Note how in this example, the argument is substituted for the variable in the body -- this gives us a rewriting interpreter.

Variable Substitution

To do this right, we need to define the concepts of an occurrence of a variable, a bound occurrence, a free occurrence, a binding, a closed expression, and substitution.


  1. A variable use x occurs in e if x appears somewhere in e. Note we refer to variable uses only, not definitions.
  2. Any occurrences of variable x in Function x -> e are bound; any free occurrences of x in e here are bound occurrences in Function x -> e. Similarly, occurrences of f and x are bound in Let Rec f x = e.
  3. A variable x occurs free in e if it has an occurrence in e which is not a bound occurrence.
  4. An expression e is closed if it contains no free variable occurrences. All programs we execute are closed (no link-time errors).
  5. e[e'/x] is notation for the expression resulting from the operation of replacing all free occurrences of x in e with e'. For now, we assume that e' is a closed expression.
The notions of bound and free should be familiar to you from block-structured languages.


Operational Semantics for D

We are now ready to define the operational semantics for D.

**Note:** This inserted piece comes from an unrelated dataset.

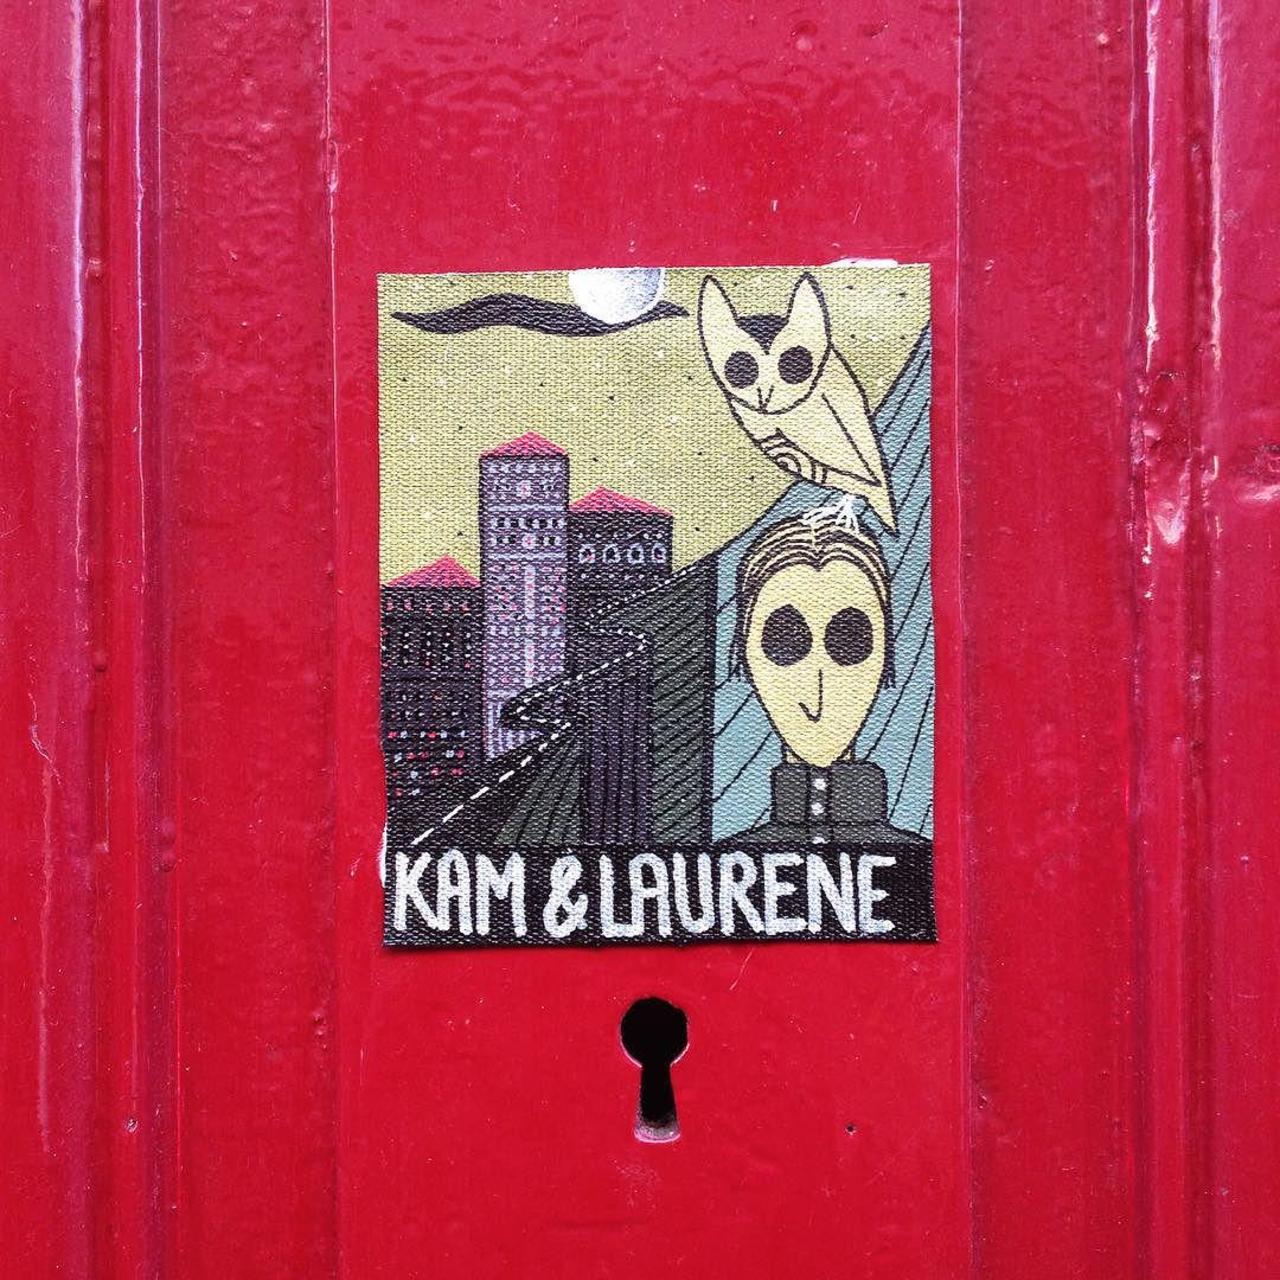 #Paris #graffiti photo by @kamlaurene http://ift.tt/1P69ODP #StreetArt http://t.co/HUp2IqLhF2

Definition the computation relation ==> for language D is the least relation on closed expressions in D satisfying the following rules.

Value rule
v ==> v

Boolean rules: see above boolean language

+ rule
e1 ==> v1, e2 ==> v2
e1 + e2 ==> the integer sum of v1 and v2, provided v1 and v2 are integer constants

- rule
Similar to +.

= rule
e1 ==> v1, e2 ==> v2
e1 = e2 ==> True if v1 v2 are identical numbers, and ==> False if they are different numbers or not numbers.

If True rule
e1 ==> True, e2 ==> v2
If e1 Then e2 Else e3==> v2

If False rule
e1 ==> False, e3 ==> v3
If e1 Then e2 Else e3==> v3

(Anonymous) Function application rule
e1 ==> Function x -> e, e2 ==> v2, e[v2/x] ==> v
e1 e2 ==> v

Let Rec Function application rule

Example Executions

If in doubt, draw out the derivation trees that show the execution precisely.
If 3 = 4 Then 5 Else 4 + 2 ==> 6 because
  3 = 4 ==> False and
  4 + 2 ==> 6, because
    4 ==> 4 and
    2 ==> 2 and 4 plus 2 is 6.

(Function x -> If 3 = x Then 5 Else x + 2) 4 ==> 6, because of
above derivation

(Function x -> x x)(Function y -> y) ==> Function y -> y, because
  (Function y -> y)(Function y -> y) ==> Function y -> y

(Function f -> Function x -> f(f(x)))(Function x -> x - 1)(4) ==> 2 because
letting F abbreviate (Function x -> x - 1),
  (Function x -> F(F(x)))))(4) ==> 2, because
    F(F(4)) ==> 2, because
        F(4) ==> 3, because
          4 - 1 ==> 3.  And then,
        F(3) ==> 2, because
          3 - 1 ==> 2.

(Function x -> Function y -> x+y)
  ((Function x -> If 3 = x Then 5 Else x + 2) 4)
  (Function f -> Function x -> f(f(x)) (Function x -> x - 1)(4) ==> 8 by the above two executions

(Let Rec f x = If x = 0 then 1 else x + f (x - 1))(1) ==> 1 because
  letting F abbreviate (Let Rec f x = If x = 0 then 1 else x + f (x - 1)),
  If 1 = 0 then 1 else 1 + F (1 - 1) ==> 1, because
   1 = 0 ==> False, and
   1 + F (1 - 1) ==> 1, because
      F (1 - 1) ==> 0, because
      1 - 1 ==> 0, and
      If 0 = 0 then 1 else 0 + F (0 - 1)) ==> 0, because
        0 = 0 ==> True, and
        0 ==> 0

Mathematical Properties of D programs

Lemma. D is deterministic.
Proof. By inspection of the rules, at most one rule can apply at any time. (Need the Let Rec rule to prove this precisely)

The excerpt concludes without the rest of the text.